Recycle ♻️

Good Morning, Team!  It’s Friday!
It’s Engineers Week, 2019!
When asked what inspired me to become an engineer, my answer is simple, my Father.
A few universal truths that came together for me when I was growing up in a family business:
1. Necessity is the mother of invention.
2. We are shaped by our environment.
3. Always leave things better than you found them.
It was necessary to make enough money to eat and Dad seemed to never catch a break so he made due with what was in front of him.  Kind of an old school McGyver, we made a living and we shaped lives with the broken stuff no one else wanted or knew what to do with:
•Crushing concrete removed from the streets of Fargo when they separated storm sewer from sanitary sewer systems, converting it to aggregate used for commercial and industrial parking lots
•Hauling coal cinders from the local college-served as an effective binder with local soils spread as a layer under concrete mentioned above
•Repairing (or heating homes with) used wooden pallets from the old Steiger factory
•We drove and (constantly) repaired tired iron, the twice retired fleet vehicles people had given up on.  The cost of entry was within our range and most people had forgotten about them before we resurrected those vehicles from various shelter belts
•Even the house we lived in was moved into the neighborhood and the garage moved in later was an old storage building we sided and made pretty (or at least acceptable so the neighbors didn’t petition us to leave)
There is ALWAYS more value, untapped potential, a new way to look at the pile of confounding and complex issues right in front of you.
I am proud to say that my two sons have become successful engineers and I have been blessed to grow up in the engineering world designing, managing and leading projects, efforts, people, divisions and companies who apply the same three universal truths mentioned above.

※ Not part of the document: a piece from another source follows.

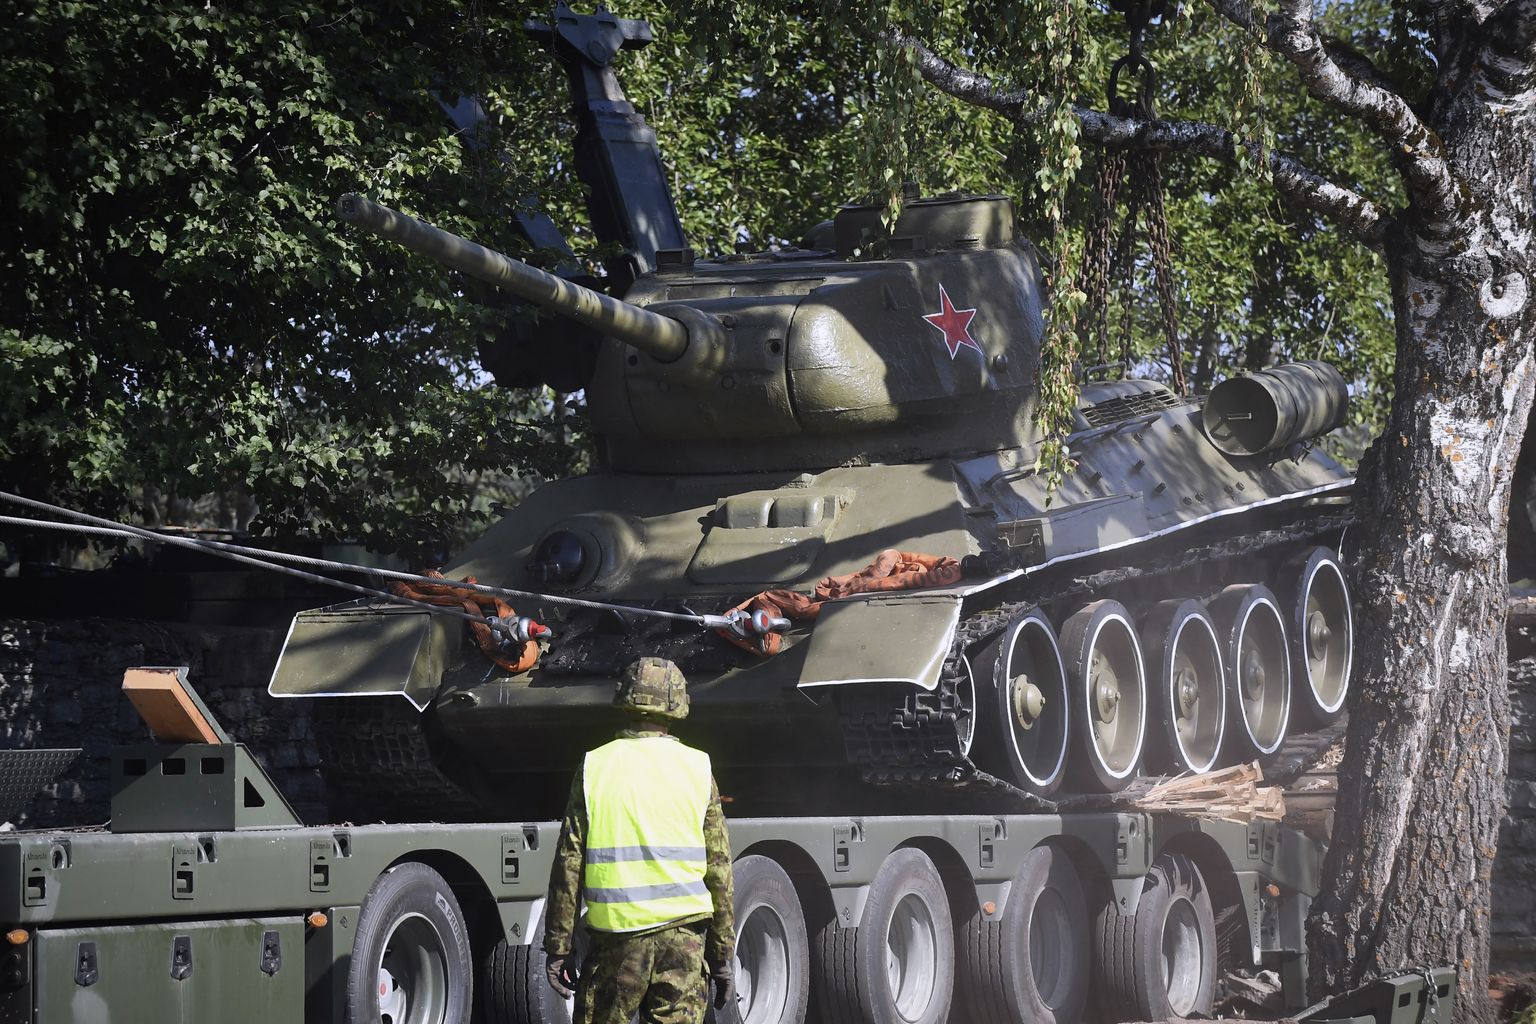 A Soviet T-34 tank installed as a monument is removed from its pedestal in Narva, Estonia, Tuesday, Aug. 16, 2022.

Dad started in the mechanical engineering program at Notth Dakota State College but never finished the program because the pressure to provide for his family won over school.  His broken dreams have been recycled and turned into a legacy his grandsons keep alive today.
Have a blessed weekend!
published early because,
Although it is highly unlikely you’ll find an engineer tooting their own horn since it lacks humility and is an impractical use of their time.  If you find or know of a wicked problem solver, a creative and critical thinker, give ‘em a back pat, atta boy, thumbs up or buy ‘em a beer.  It’ll be enough.